Il primo a essere ricevuto è stato il Terzo Polo rappresentato da Casini, Italo Bocchino, Francesco Rutelli, Gianluca Galletti. Al premier, il leader Udc, ha chiesto ciò che poi scriverà su Twitter: «Oltre a taxi, farmacie, edicole, le liberalizzazioni devono riguardare anche i servizi pubblici locali e i poteri forti». Traduzione: aziende municipalizzate ed Eni e Ferrovie. Un po' ciò che ha chiesto Alfano.

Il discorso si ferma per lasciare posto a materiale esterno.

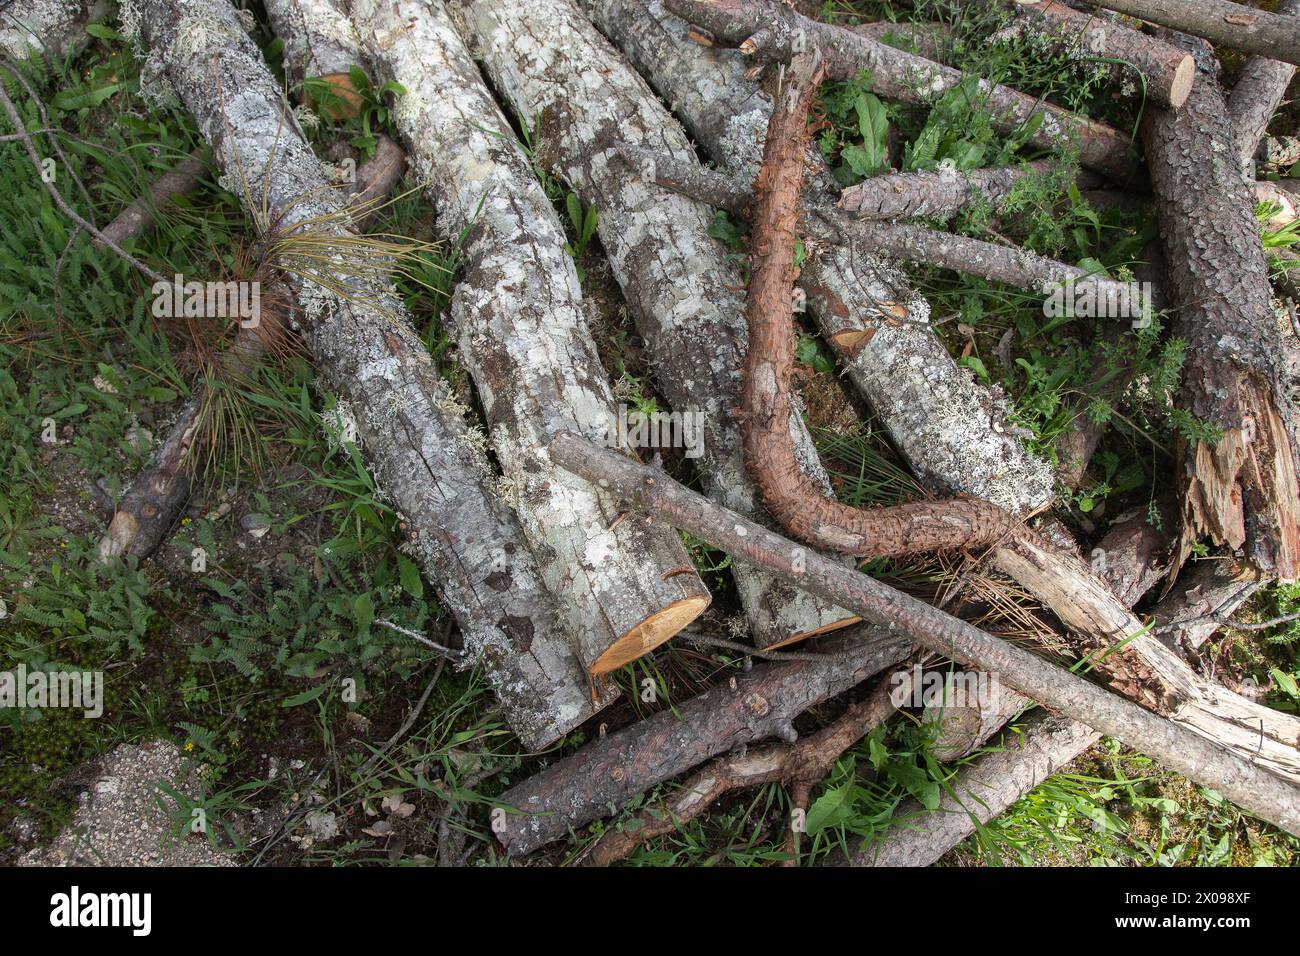 Kiefernstämme, geschnitten und gestapelt, Entwaldung. Reinigung der Wälder, Vorbereitung auf den Winter oder Holz- und Möbelindustrie. Stockfoto

Con un'aggiunta: «Le liberalizzazioni devono andare a braccetto con la riforma del mercato del lavoro». Come dire: se ci metti un dito negli occhi, devi metterlo anche al Pd.
Monti ha preso appunti sul solito quadernone. Non ha dato risposte. Ma da ciò che filtra dal suo entourage, il professore ha deciso di procedere prima con le liberalizzazioni, poi con la riforma del lavoro. Una linea di prudenza, visto anche il compattamento dei sindacati, che spinge il premier a depennare una norma inserita in un primo momento nel decreto: quella che avrebbe permesso alle aziende con meno di 15 dipendenti che si fondono o vengono accorpate, di poter applicare l'articolo 18 dello Statuto dei lavoratori solo sopra le 50 unità. Una notizia apprezzata da Bersani.

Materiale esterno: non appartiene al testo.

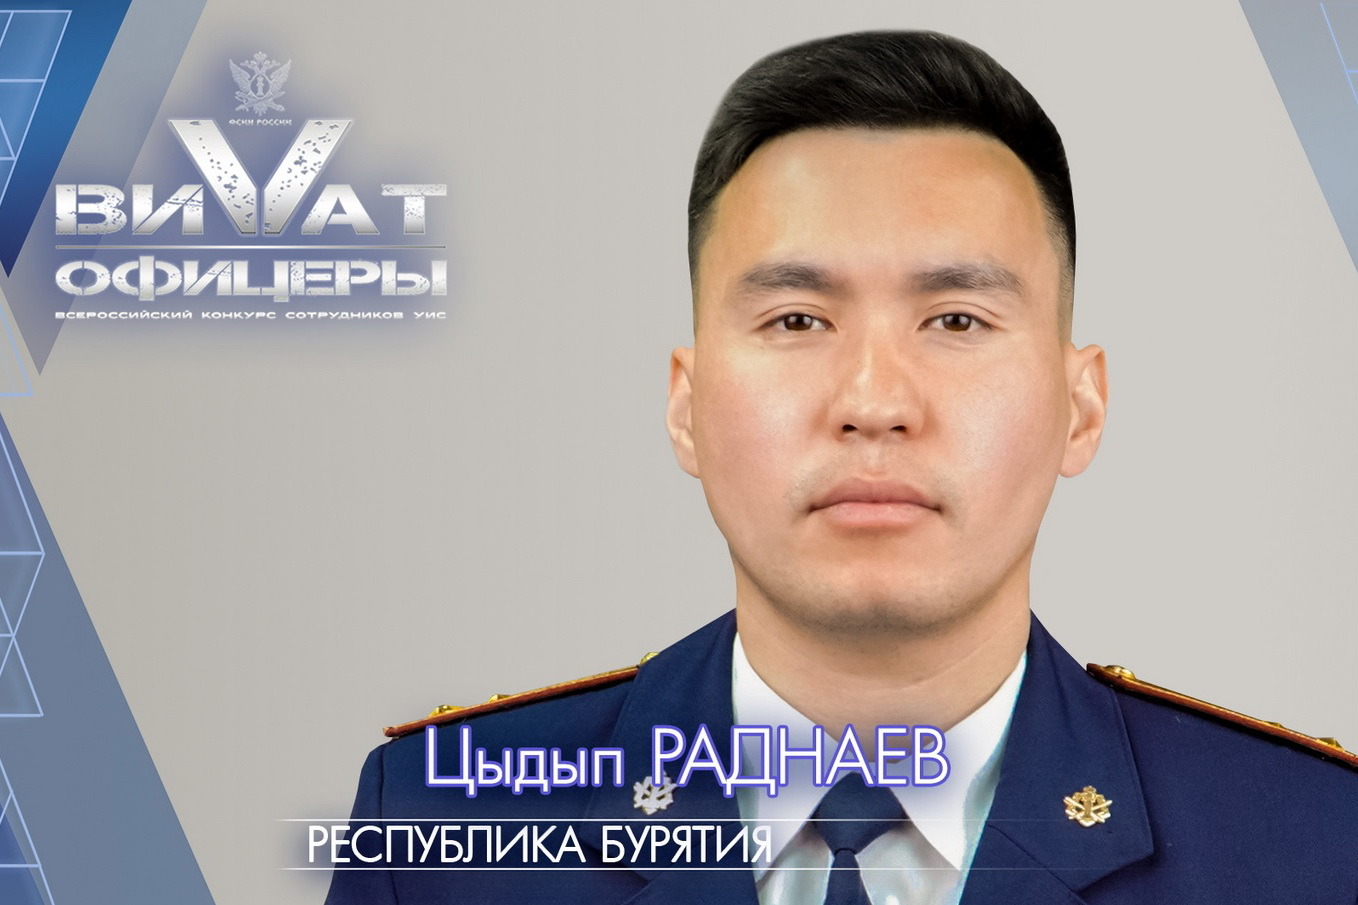 Сотрудник УФСИН Бурятии участвует во Всероссийском конкурсе «Виват, офицеры»

Tutti d'accordo sulla decisione di «portare una ventata di concorrenza» (a palazzo Chigi è vietato l'uso del verbo «colpire») anche nei grandi gruppi. Nel mirino l'Eni, da cui dovrebbe essere scorporata Snam rete gas, e Ferrovie che sembrano destinate a perdere il controllo dei binari. Il tutto in nome di un principio generale: la fornitura di energia o di servizi deve essere separata dalla gestione delle infrastrutture, in modo da agevolare l'accesso di nuovi concorrenti e ottenere una riduzione dei prezzi. Postilla di Monti: «Le liberalizzazioni in prospettiva favoriranno l'accesso al lavoro dei giovani più meritevoli».